I live in DFW texas area and would like to supplement my kali with some Wing Chun classes.  Does anyone have an opinion on Cottrell at authentic Kung Fu ......Jon Rister is out of the question.  Are there any other wing chun instructors in the area?


----------



## graychuan (Apr 17, 2008)

Sorry, Im from kentucky. Dont know anyone from TX that teaches. Im curious tho, I looked up Risters site. I know nothing of him but If you dont mind can you fill me in on why he is out of the question?


----------



## kalimistress (Apr 17, 2008)

Lets just say that we have severe philosophical differences with regards to martial arts and life in general.


----------



## graychuan (Apr 17, 2008)

...nuff said.
:wink2:


----------



## WesternCiv (Apr 17, 2008)

Sifu Cottrell has an excellent reputation.  My brother studied Praying Mantis under him years ago and continues to rave about his knowledge, teaching ability and character.  

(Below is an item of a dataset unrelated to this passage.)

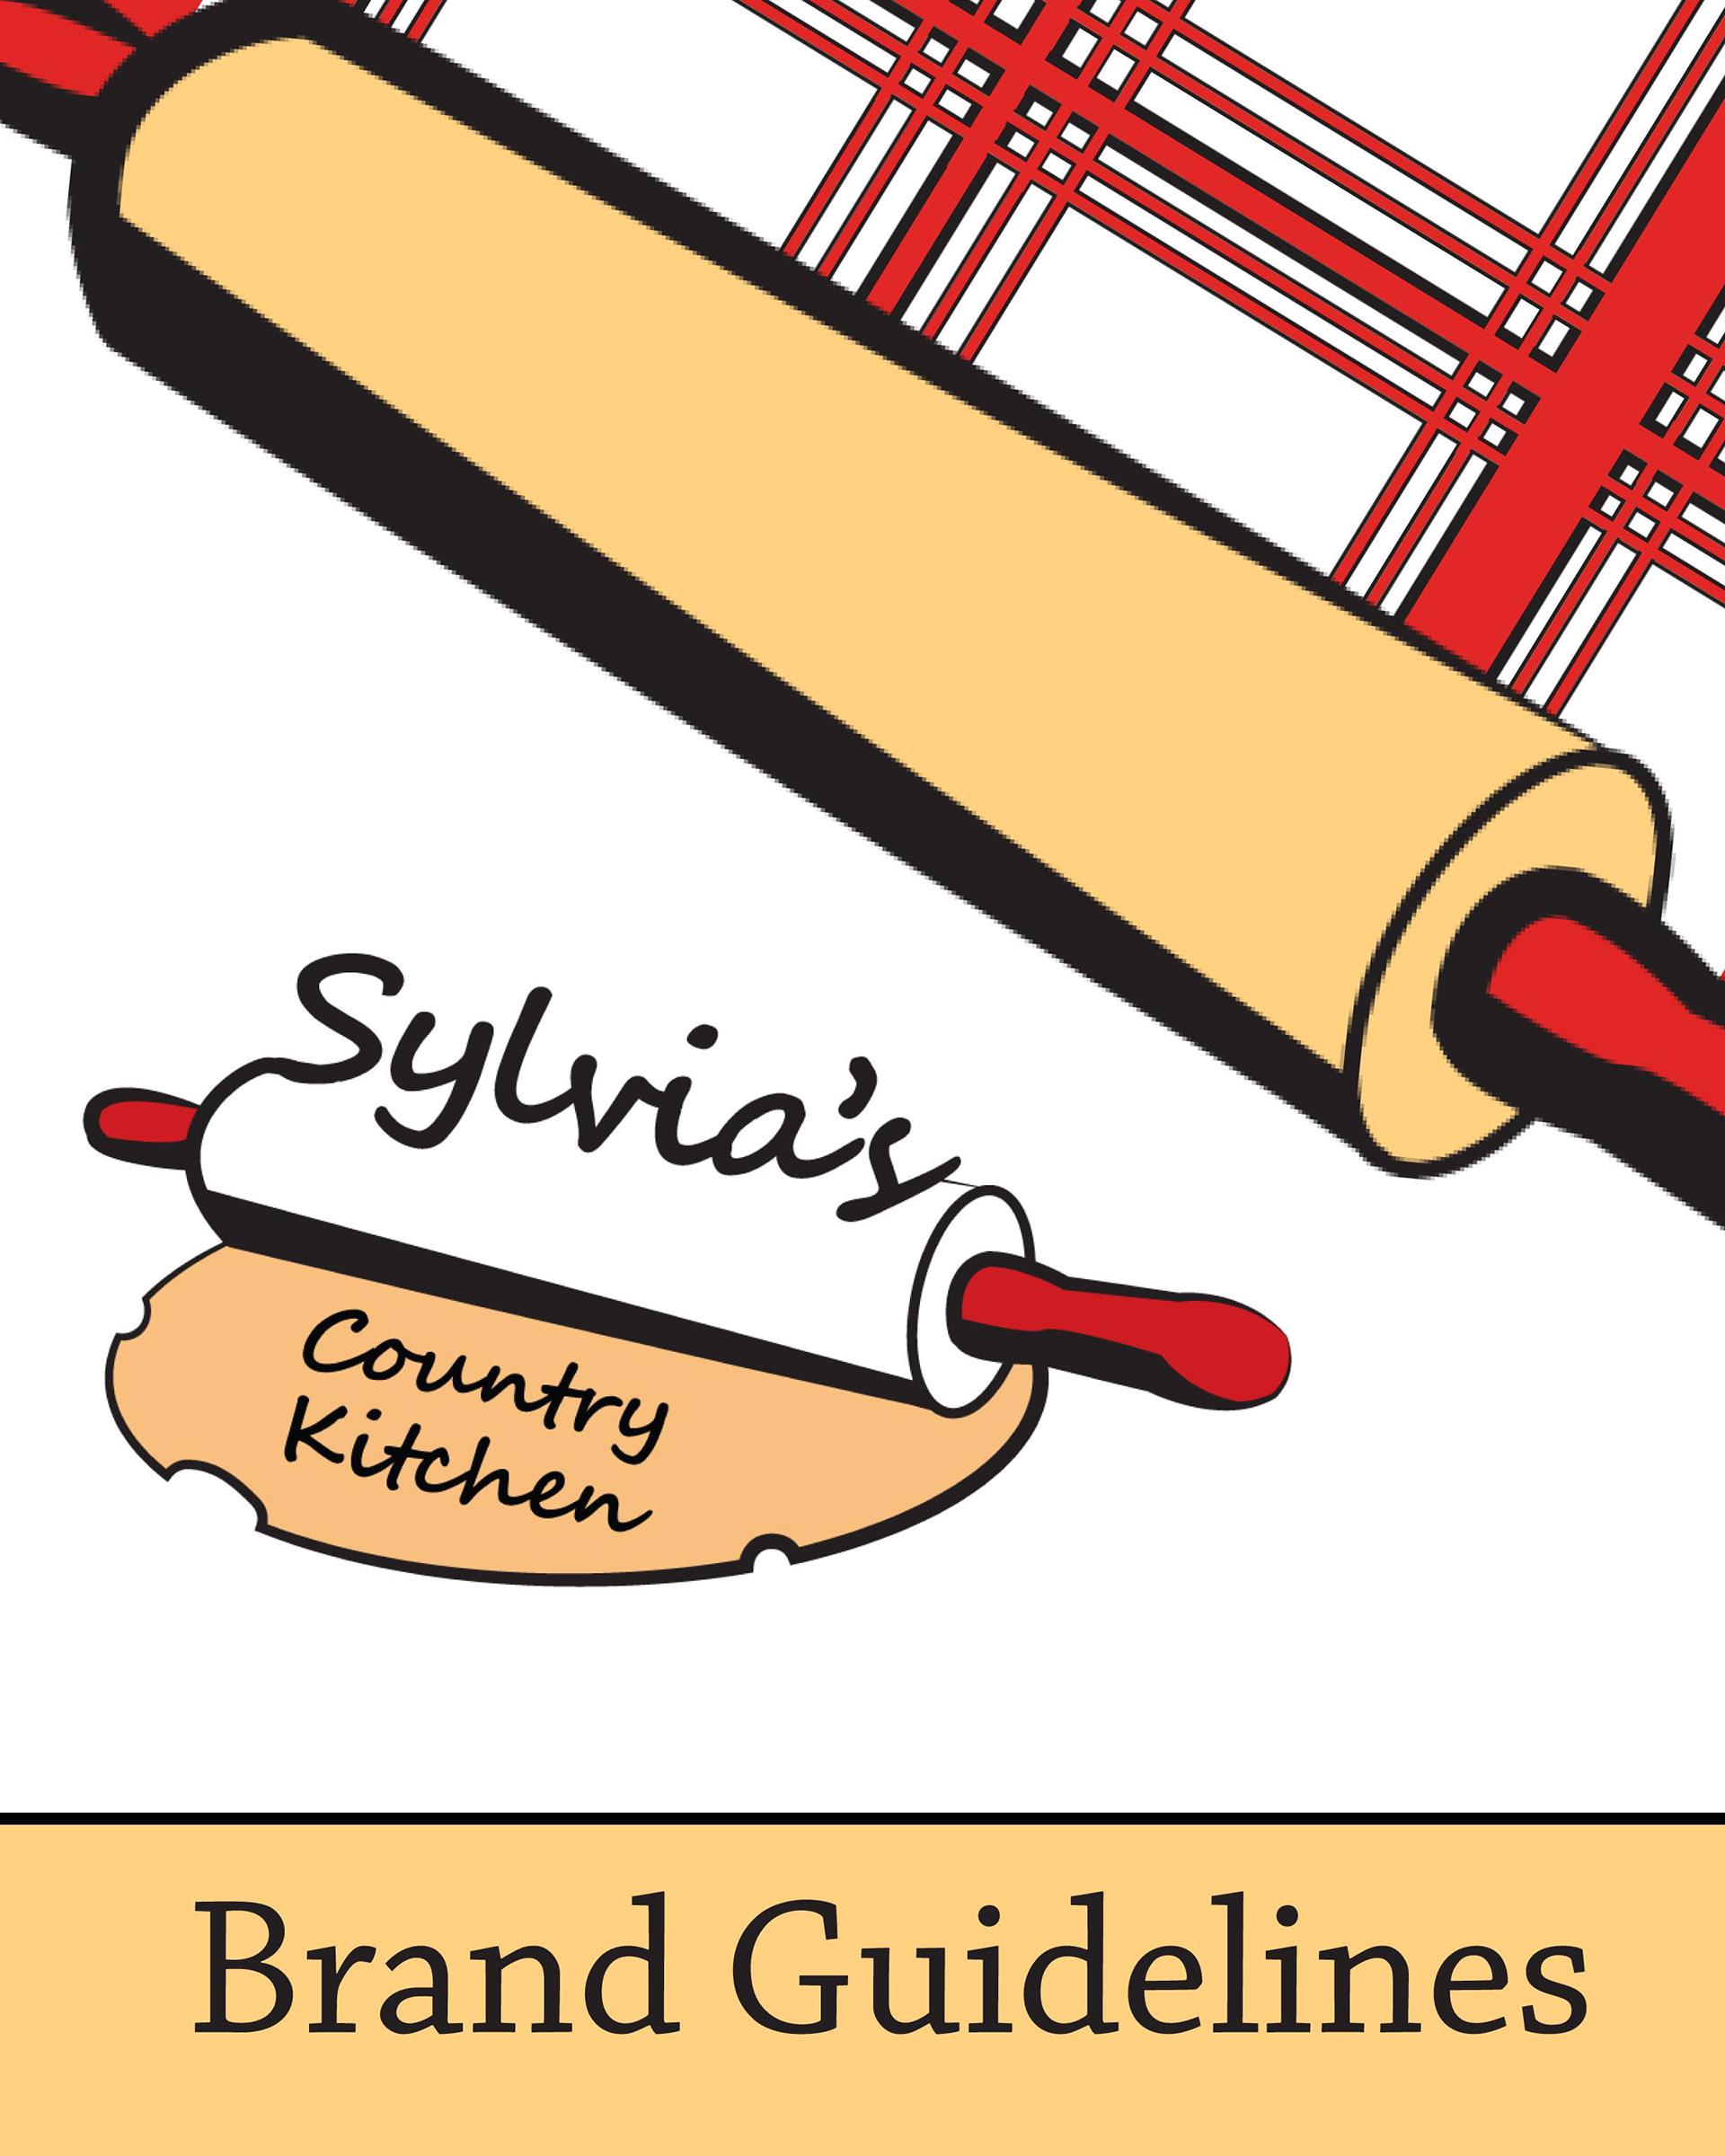 Country Kitchen Logo danielle burton

If you are interested in Wing Chun you owe it to yourself to visit one of his classes and judge for yourself.


----------



## kalimistress (Apr 17, 2008)

Thank you,  I hope to visit him next week.


----------



## AceHBK (Apr 24, 2008)

I moved from Dallas a year ago and he has a good rep. One of his former students opened a school and looks awesome.  I wish I had the chance to learn from his student.

www.combatwc.com


----------